= Supplied material =

⁂

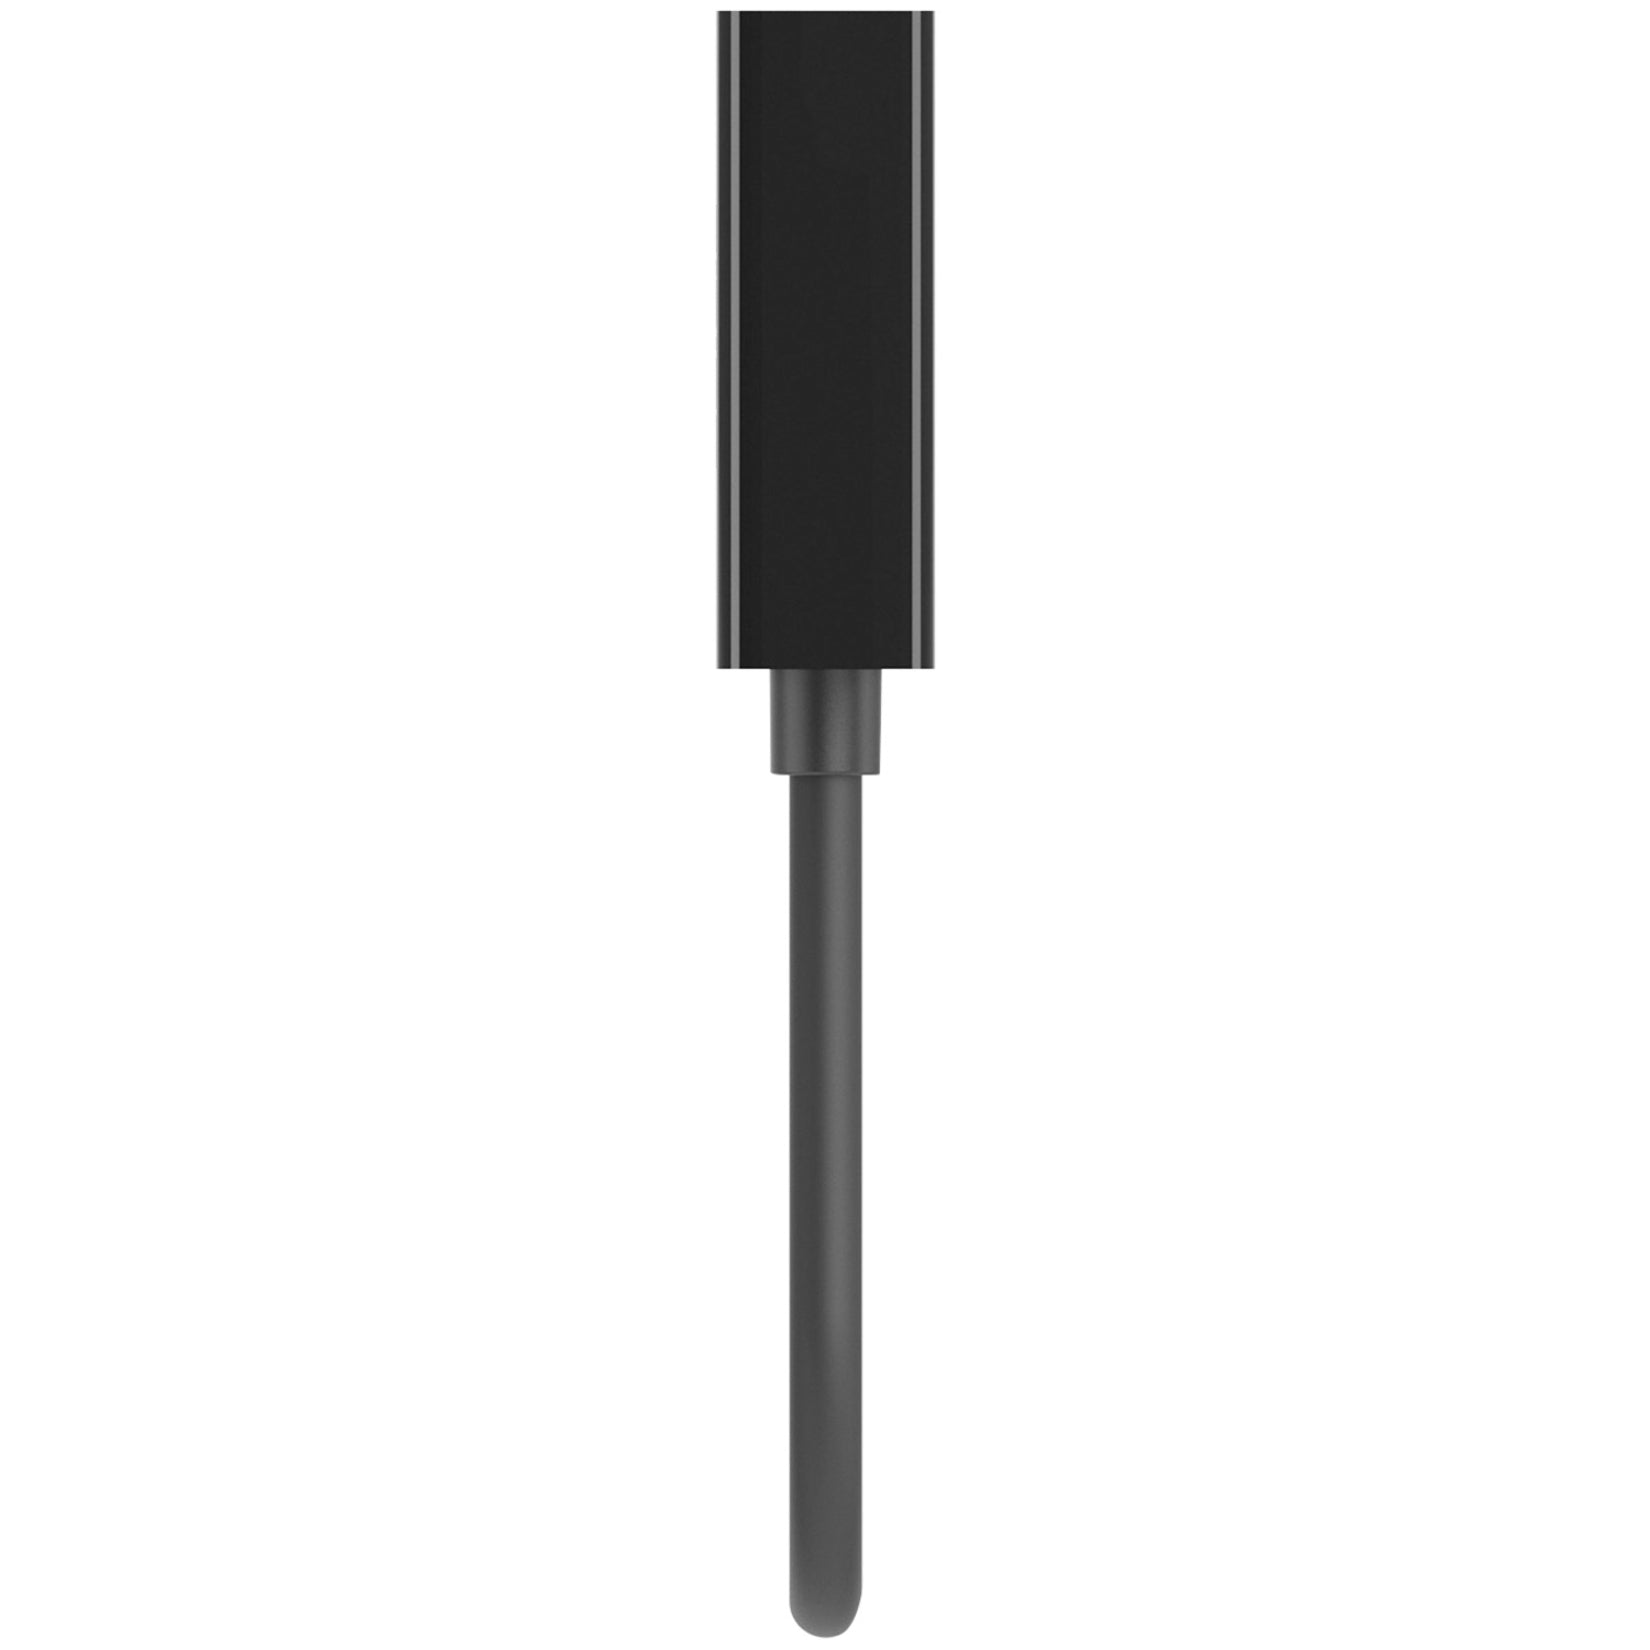 Belkin F2CD058 HDMI to VGA + 3.5mm Audio Adapter, HDMI-M/VGA-F, Black
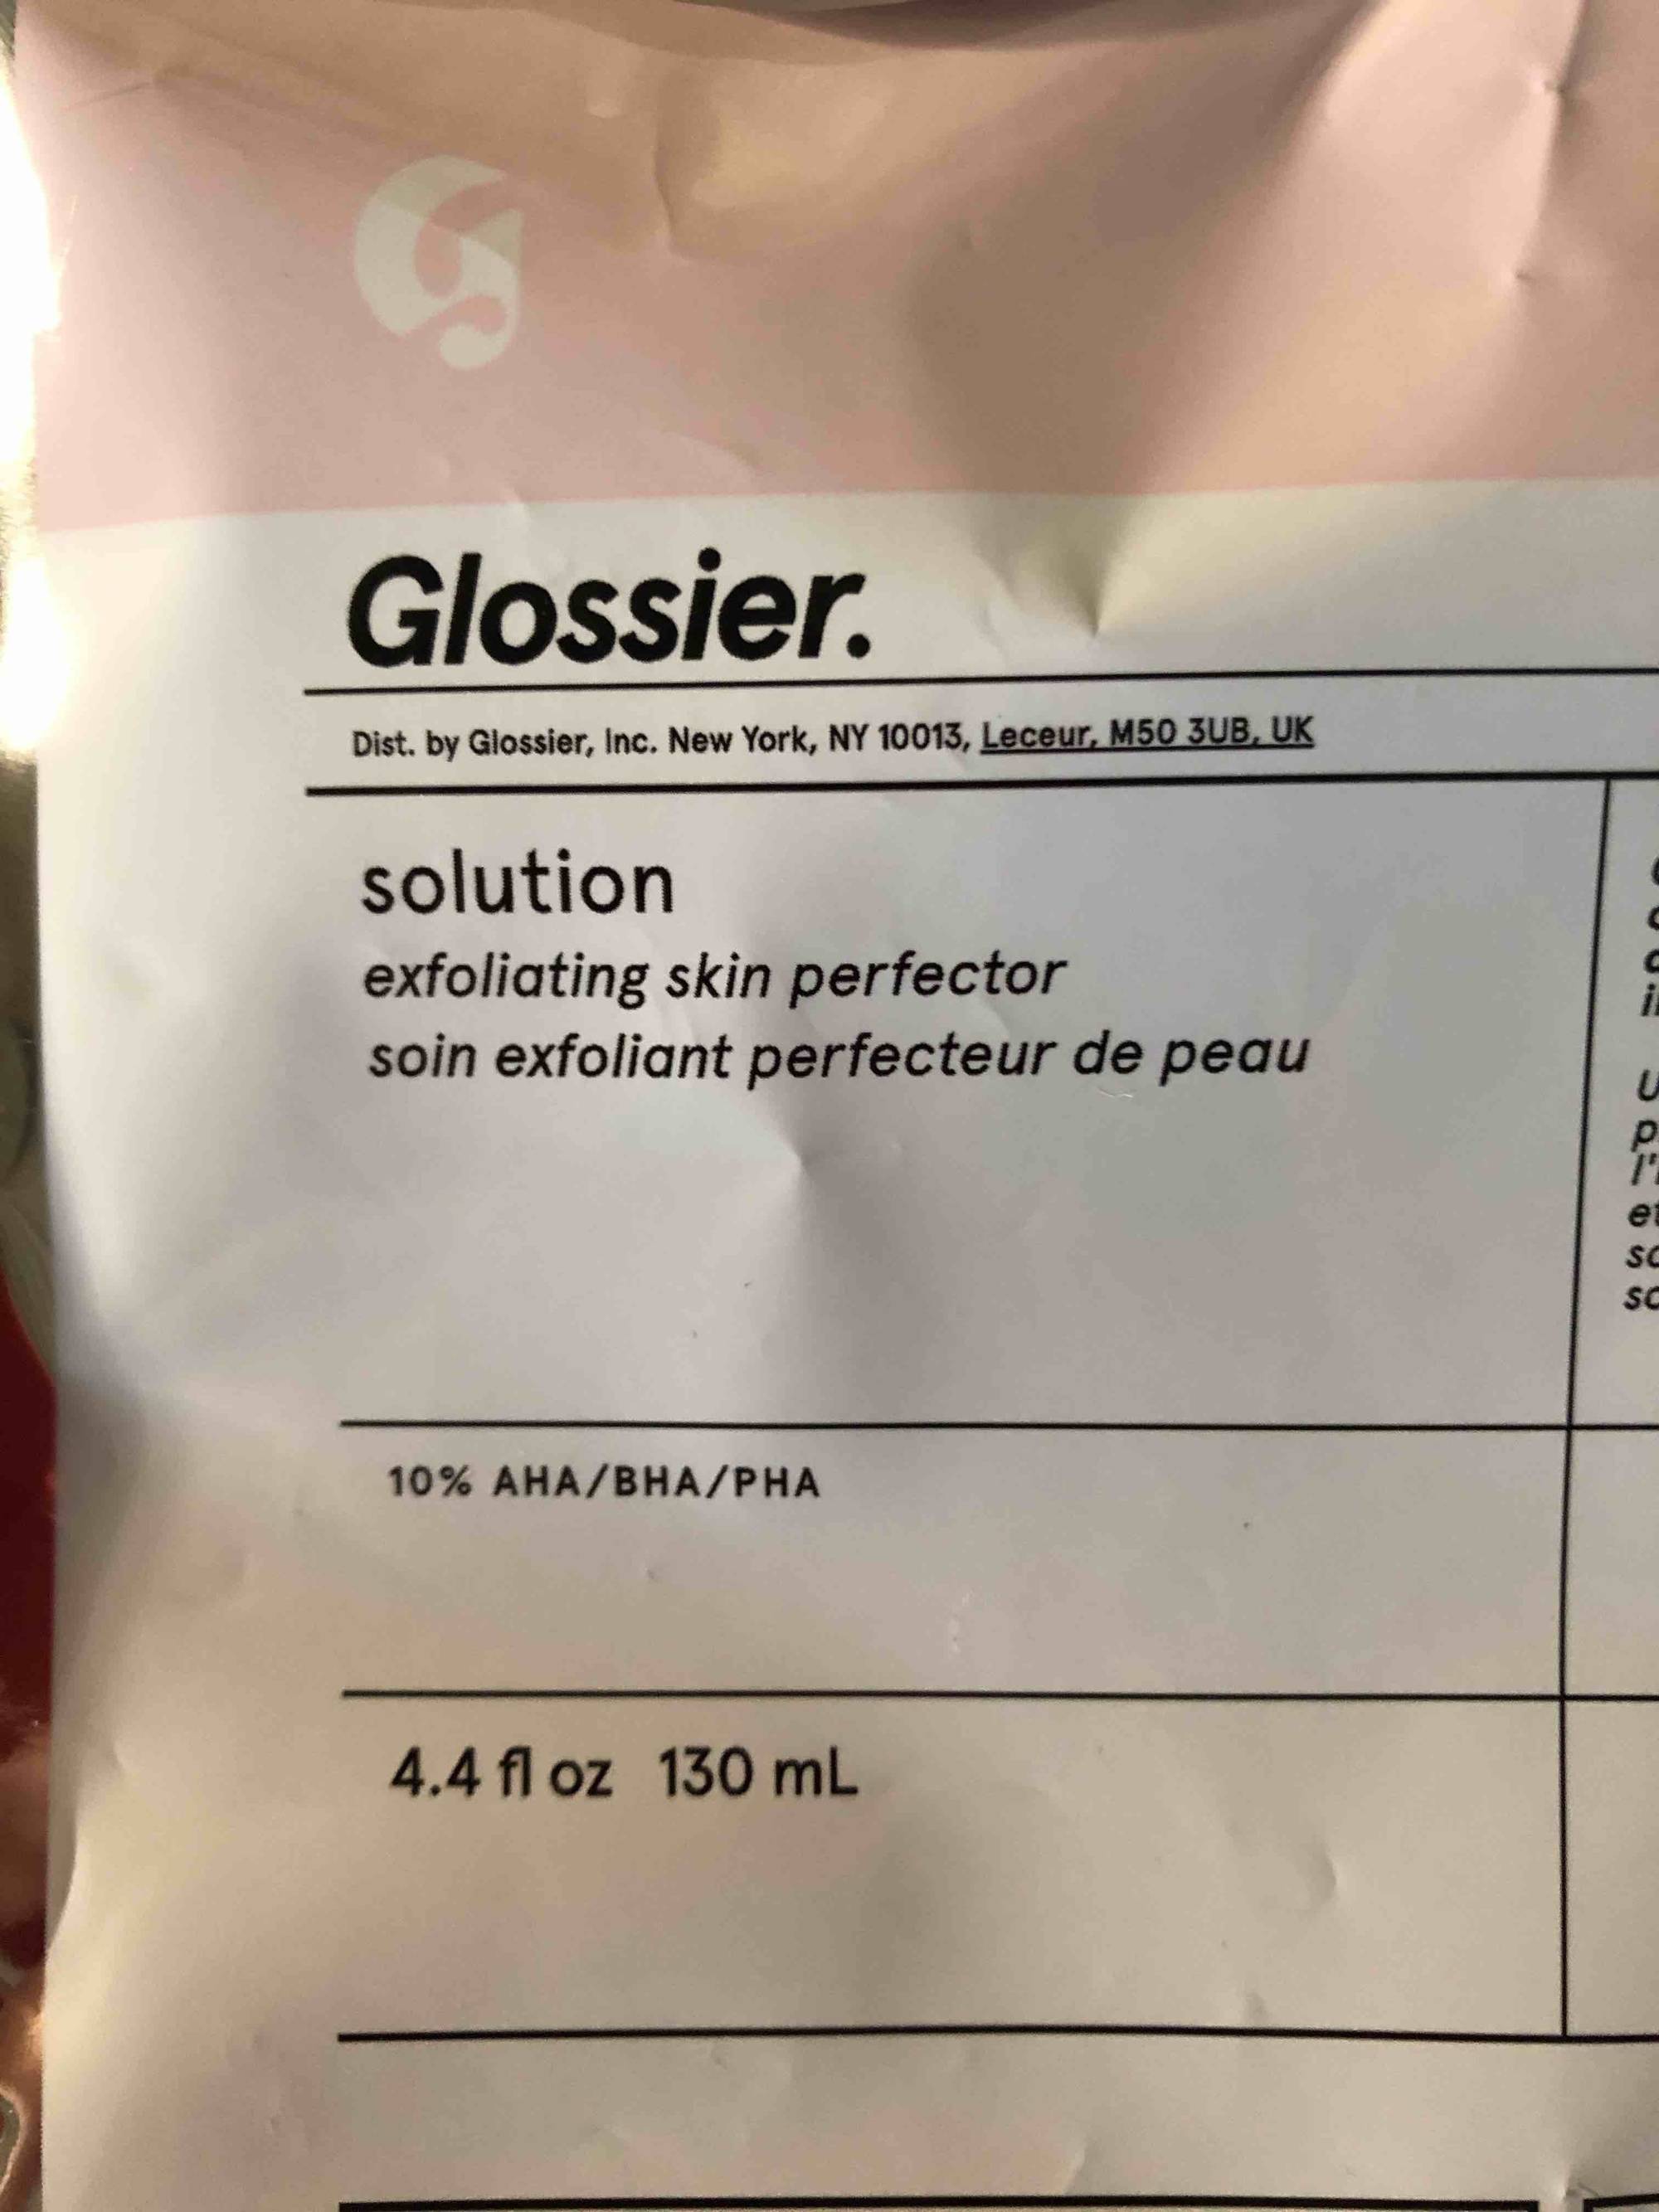 GLOSSIER - solution exfoliant perfecteur de peau
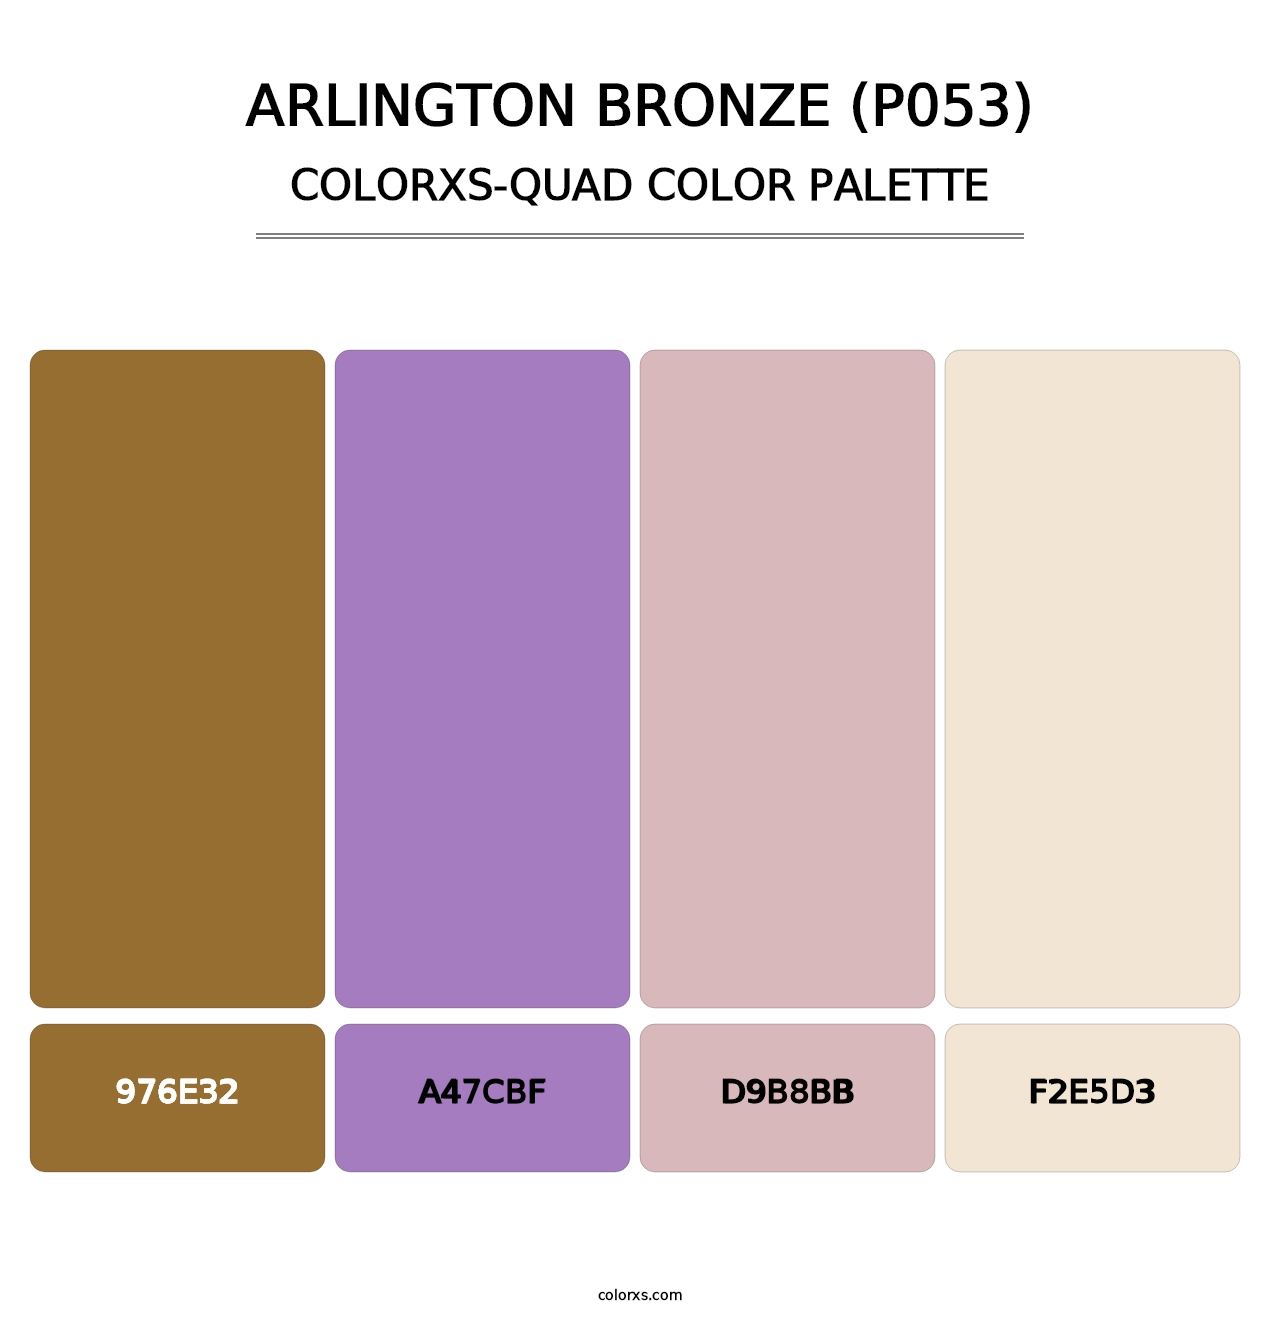 Arlington Bronze (P053) - Colorxs Quad Palette

⁂

= Task details =
Reproduce the material exactly. Pictures stay out.

= Response to the task =
 Belkin F2CD058 HDMI to VGA + 3.5mm Audio Adapter, HDMI-M/VGA-F, Black
 GLOSSIER - solution exfoliant perfecteur de peau
 Arlington Bronze (P053) - Colorxs Quad Palette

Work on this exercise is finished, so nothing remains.